WORK ORDER: Output all of the data exactly, keeping any images out of the copy.

DATA SEGMENT:
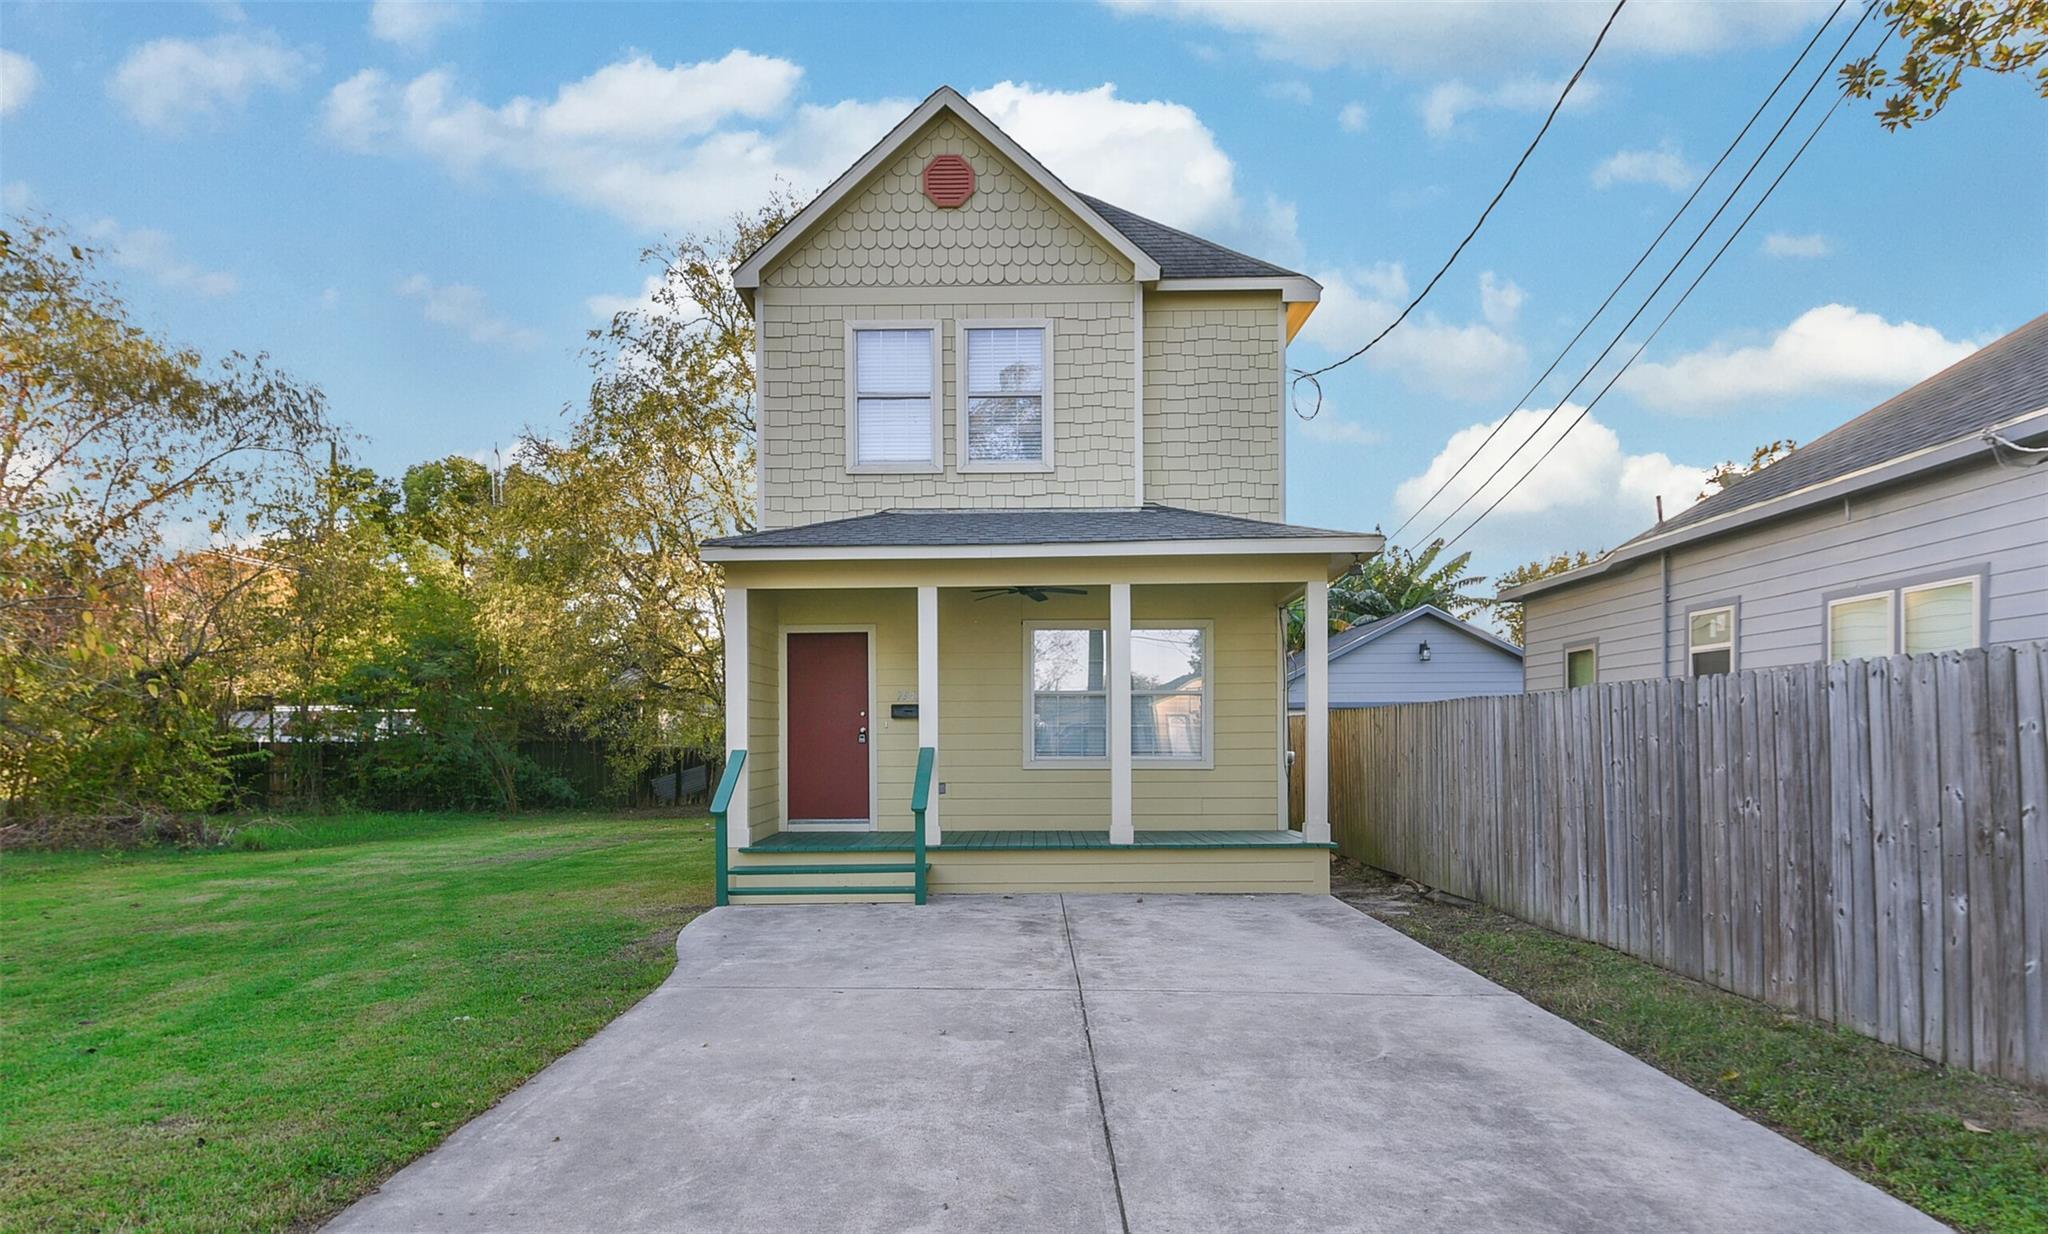 7942 Avenue F Property Photo - Houston, TX real estate listing
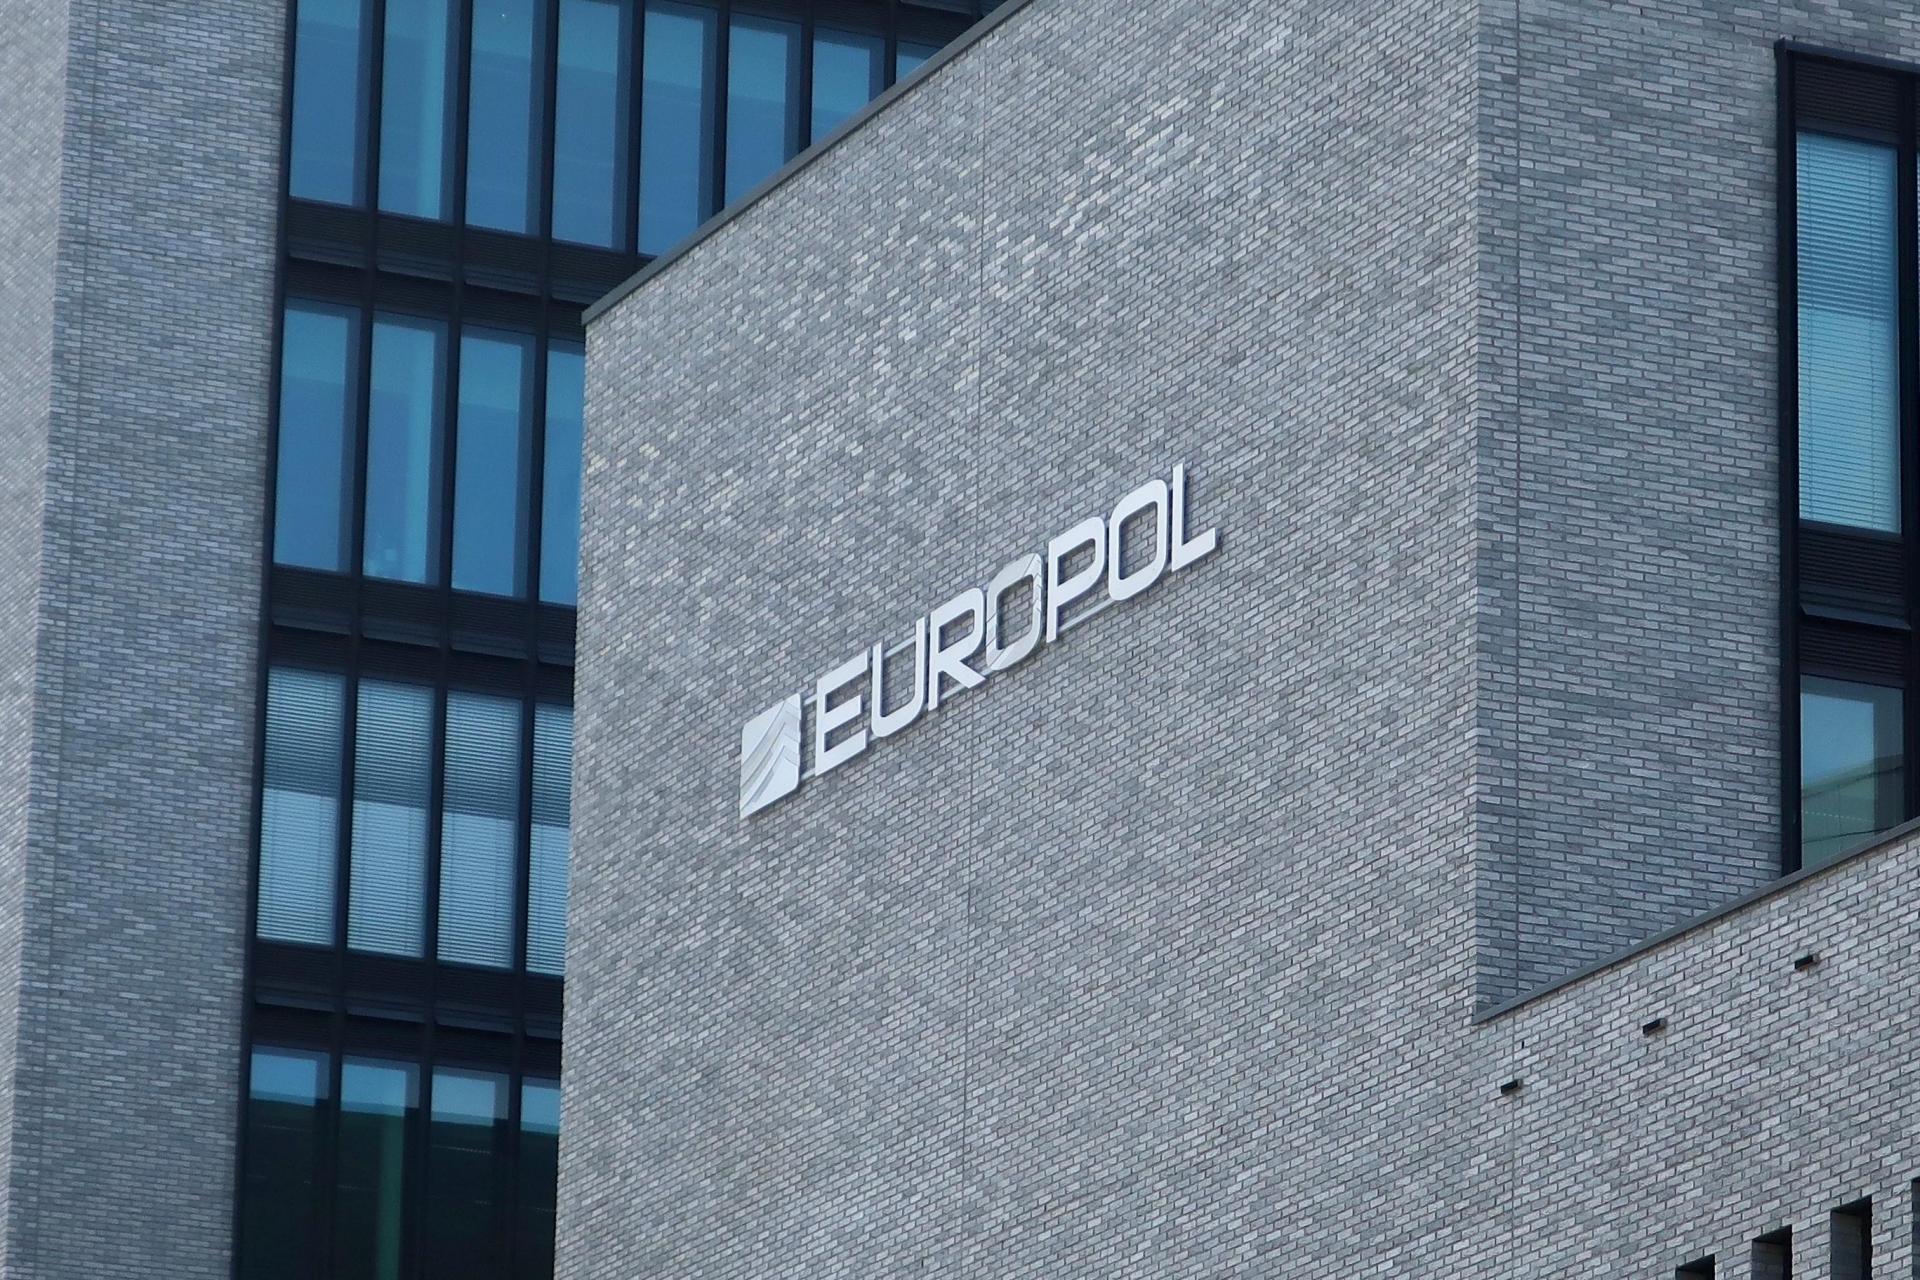 Europol headquarters in The Hague. Photo: Shutterstock
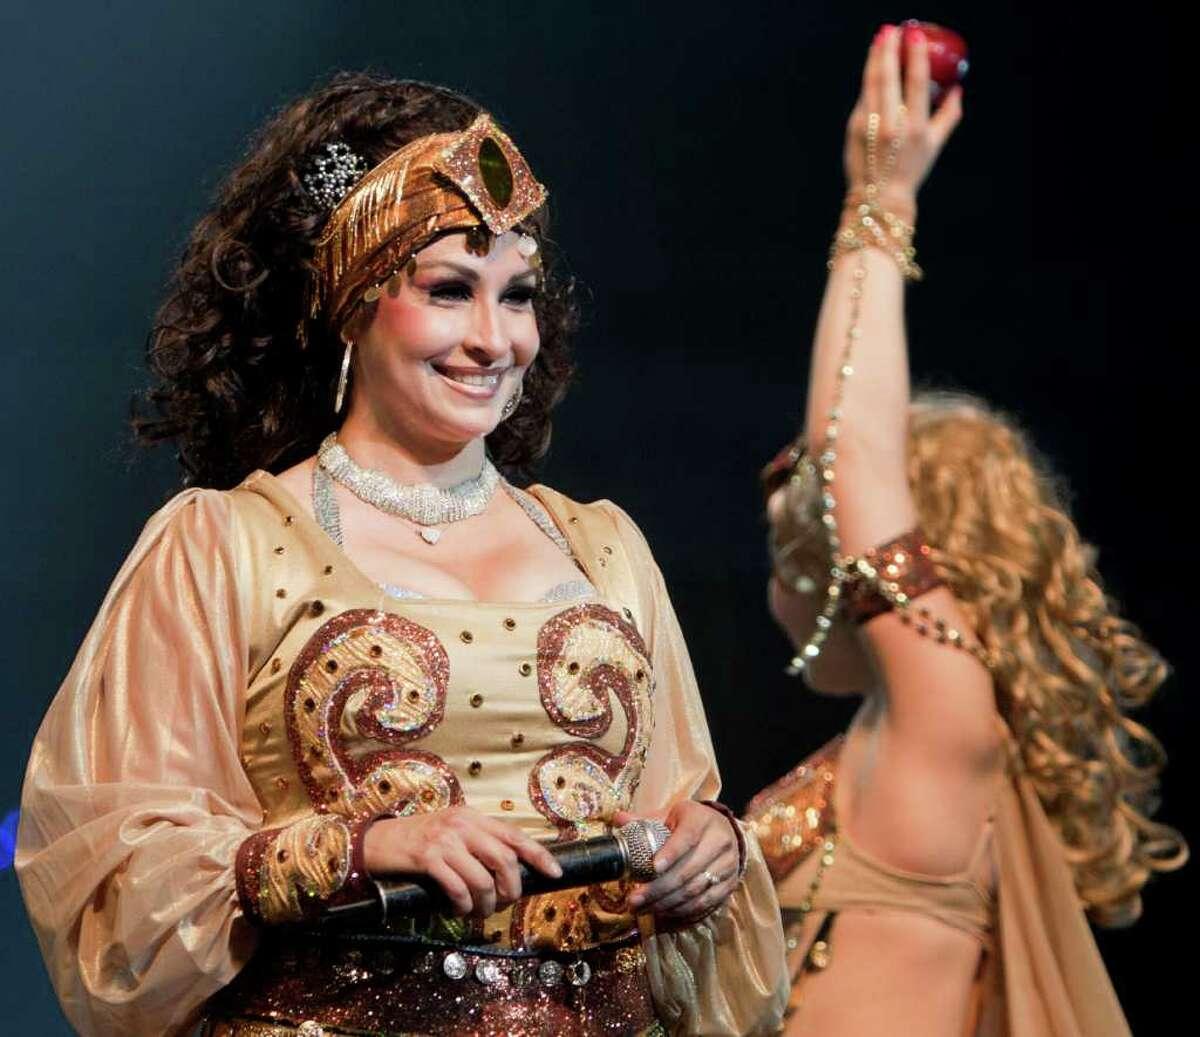 Audrey Alvarado performs as the ringmaster of the Alzafar Shrine Circus at Freeman Coliseum on Thursday, Sept. 8, 2011.

ANSWER TO THE EXERCISE:
 7942 Avenue F Property Photo - Houston, TX real estate listing
 Europol headquarters in The Hague. Photo: Shutterstock
 Audrey Alvarado performs as the ringmaster of the Alzafar Shrine Circus at Freeman Coliseum on Thursday, Sept. 8, 2011.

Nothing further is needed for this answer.